Время новостей
     N°138, 03 октября 2000 Время новостей ИД "Время"   
Время новостей
  //  03.10.2000
В российском хаосе для меня нет надежды...
После премьеры Отар Иоселиани, приехавший в Москву для представления своего фильма, ответил на несколько вопросов нашего корреспондента.

-- Почему изменилось название фильма в российском прокате?

-- Оригинальное название непереводимо. Для французских моряков plancher des vaches -- площадка, где пасутся коровы. У нас это никаких ассоциаций не вызывает. Традиций флота и дальних плаваний нет. Соответственно, традиций покидания берега и возврата на берег тоже нет.

-- Правда ли, что у вас проблемы с названиями и каждый свой французский фильм вы сначала назвали «Жена вышла, чтобы изменить мужу»?

-- Нет, только один -- «Разбойники.
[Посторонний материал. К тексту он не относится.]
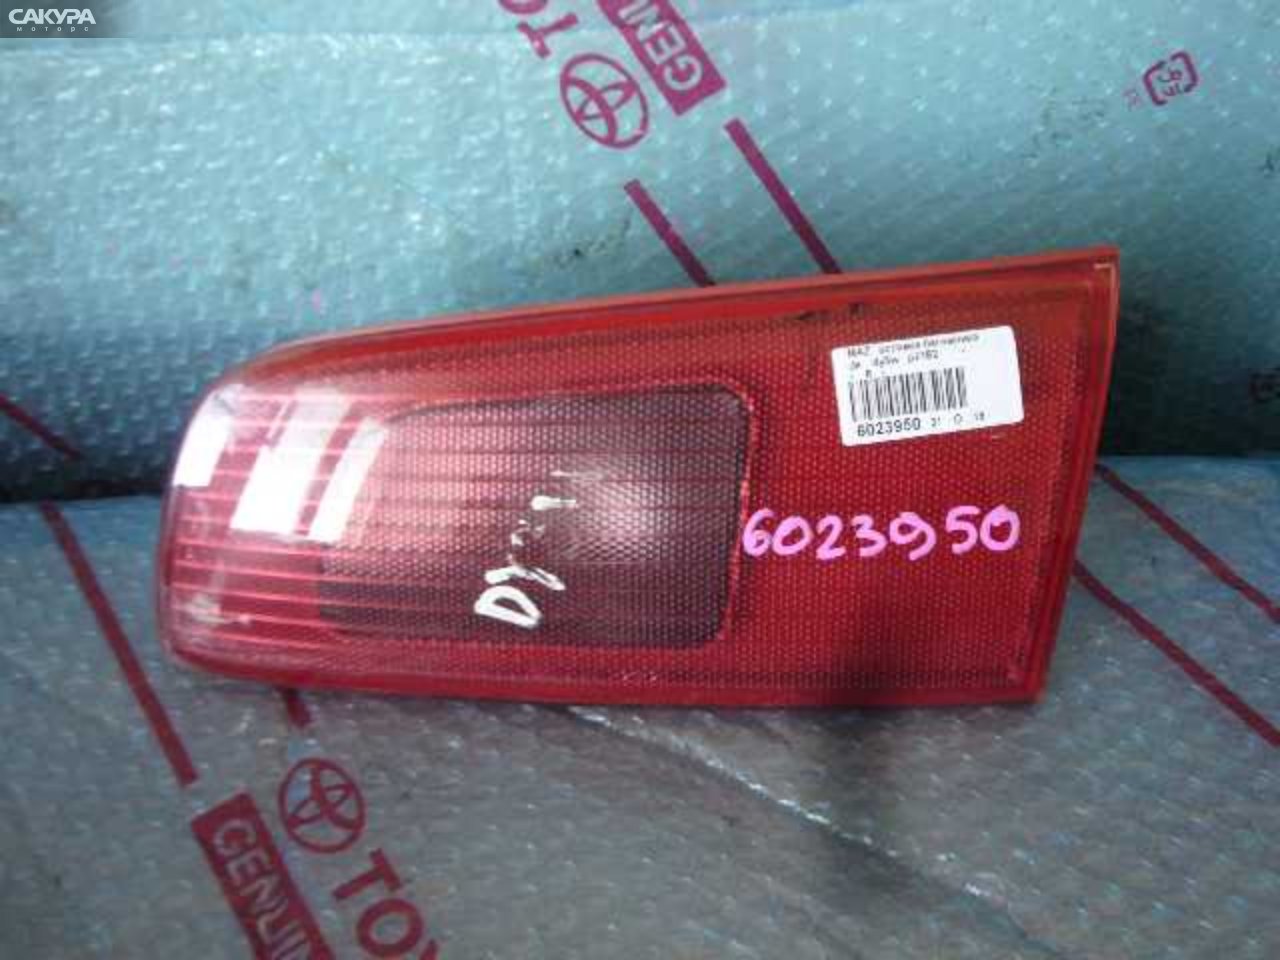 Фонарь вставка багажника правый Mazda Demio DY3W P2182: купить в Сакура Кемерово.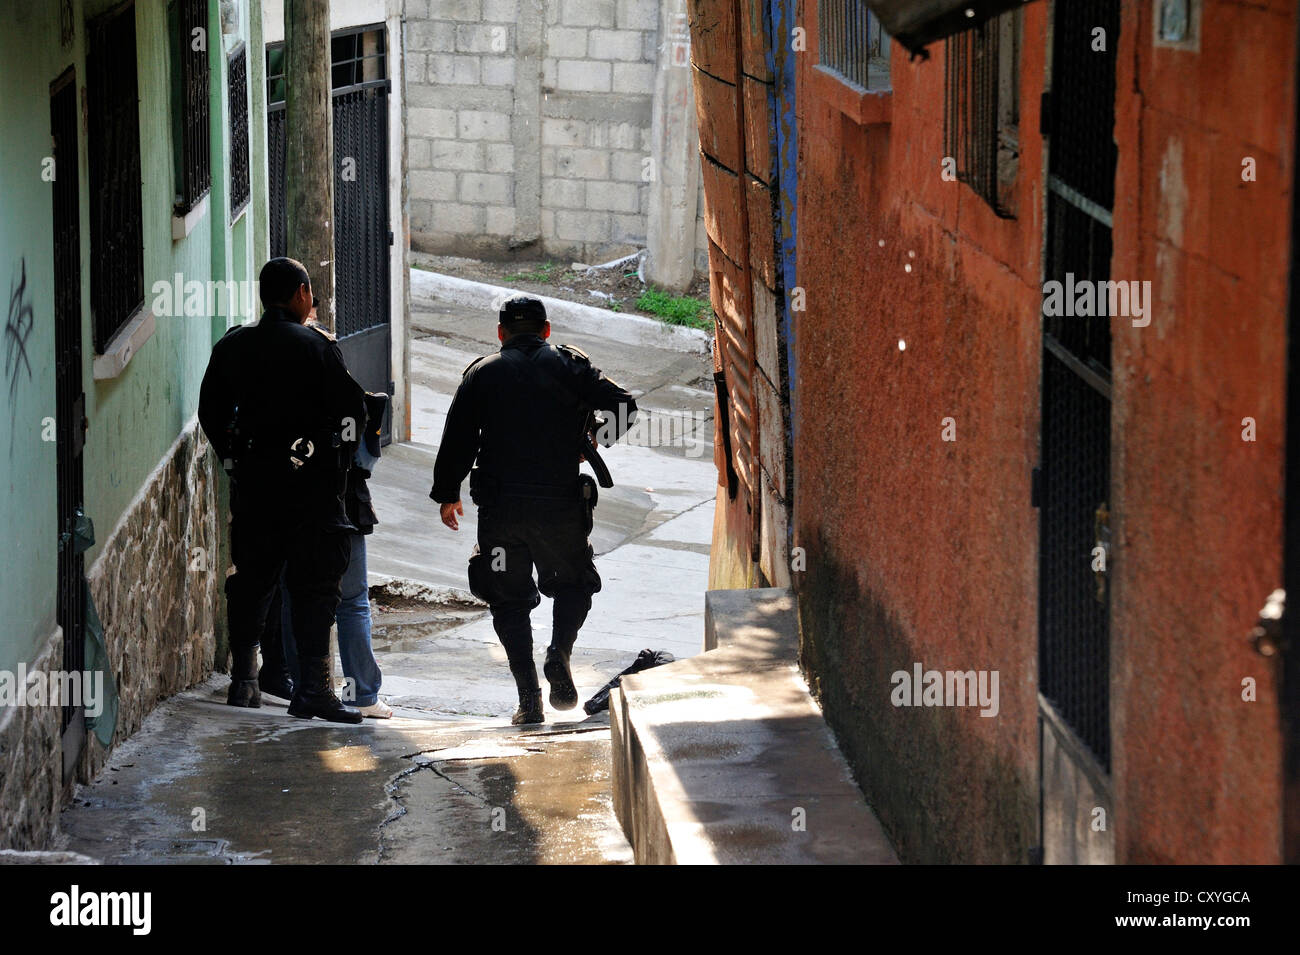 Unités de police lourdement armés patrouillant dans le quartier pauvre d'El Esfuerzo, le district est contrôlé par des gangs rivaux Banque D'Images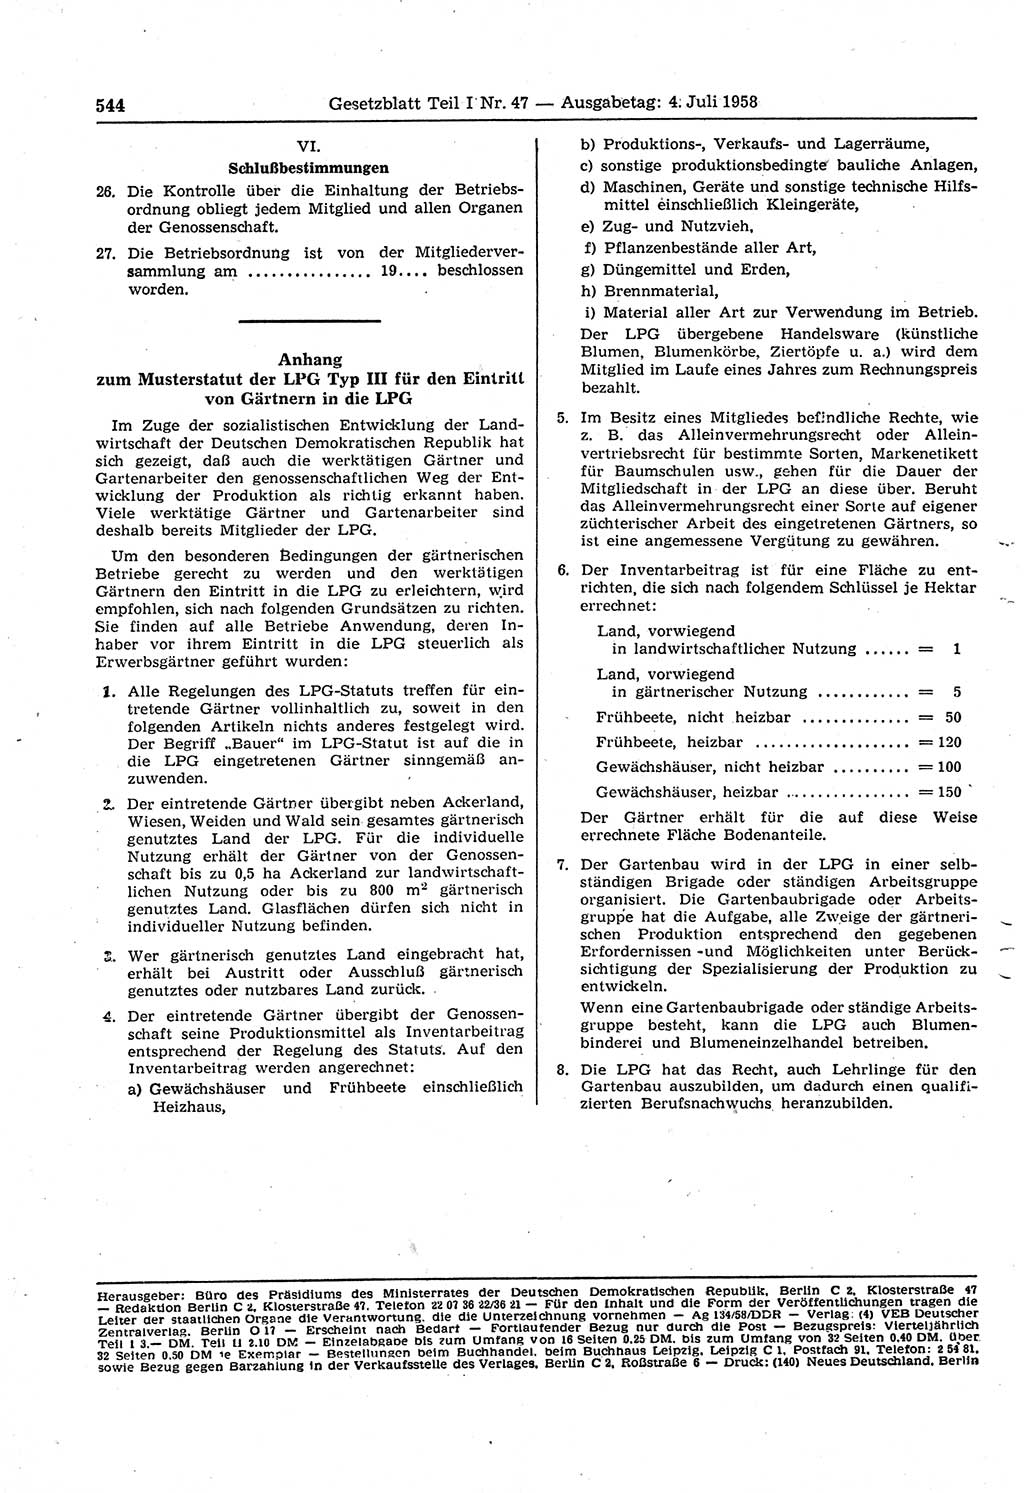 Gesetzblatt (GBl.) der Deutschen Demokratischen Republik (DDR) Teil Ⅰ 1958, Seite 544 (GBl. DDR Ⅰ 1958, S. 544)

Глава XII».

-- Как вы выбираете актеров?

-- Я пытаюсь не приглашать тех актеров, которые очень много снимались в кино и несут за собой шлейф сыгранных ими ролей. Известные артисты могут разрушить мой фильм, потому что зритель будет ассоциировать образ того человека, которого они играют, со всеми предыдущими героями. Поэтому я стараюсь работать с людьми неизвестными.

-- Образ птицы марабу в вашем фильме вызвал целую дискуссию. Одни трактуют его как аллюзию на фильм Бунюэля «Призрак свободы», другие -- как alter ego главного героя, а некоторые даже считают, что это своеобразный намек на «певчего дрозда».

-- Но это же не дрозд, а марабу. А фильм Бунюэля я вообще не видел.

Птица у меня -- это образ наблюдателя, философа, который все видит, а говорить ничего не хочет.

-- Среди режиссеров, работающих в современном российском кино, кто-нибудь вызывает у вас интерес?

-- Я с большим почтением относился к тем режиссерам, которые у нас были до наступления разрухи, но в современном российском кино -- нет. Может быть, сегодня в России и есть еще произведения не совсем хамские -- в таком случае я о них просто не знаю. Кое-что знаю о современном грузинском кино, но и это не вызывает у меня оптимизма. Есть достойные фильмы, снятые за границей, но продолжающие традицию российского и грузинского кино. Это, например, «Друзья Яны» -- его снял Арик Каплун в Израиле, и снятый в Германии Last Killer Дито Ценцадзе.

-- А европейское кино? Вам нравится, например, «Догма 95»?

-- Я отношусь к «Догме» отрицательно, потому что само понятие «догма» довольно агрессивно, тоталитарно. Это все равно что «тот, кто не с нами, тот против нас». И вообще создание каких-либо манифестов, как это, например, сделали футуристы в России в начале века, ничем хорошим не заканчивается. Создание некой теории, которой непременно надо следовать, обозначает не что иное, как погружение в коллектив, а коллектив категорически противопоказан художнику, так же как и принадлежность к какой бы то ни было идеологии.

-- Ну а то, что в итоге получается?

-- Плохо получается.

-- На кого из предшественников вы ориентируетесь?

-- Я ориентируюсь на Михаила Афанасьевича Булгакова, больше ни на кого. Мне нравится его склад мыслей, и то, как он точно выразился по поводу безобразия, которое здесь творилось.

-- Есть ли разница между тем, как проходят съемки здесь и во Франции?

-- Абсолютно то же самое, что и здесь. Тот же хаос. С той только разницей, что здесь кинематографа вообще уже нет, а там еще есть какая-то надежда.

-- Вы собираетесь остаться во Франции?

-- Я стараюсь быть там, где есть работа. Сейчас и в ближайшем будущем в России такой перспективы нет.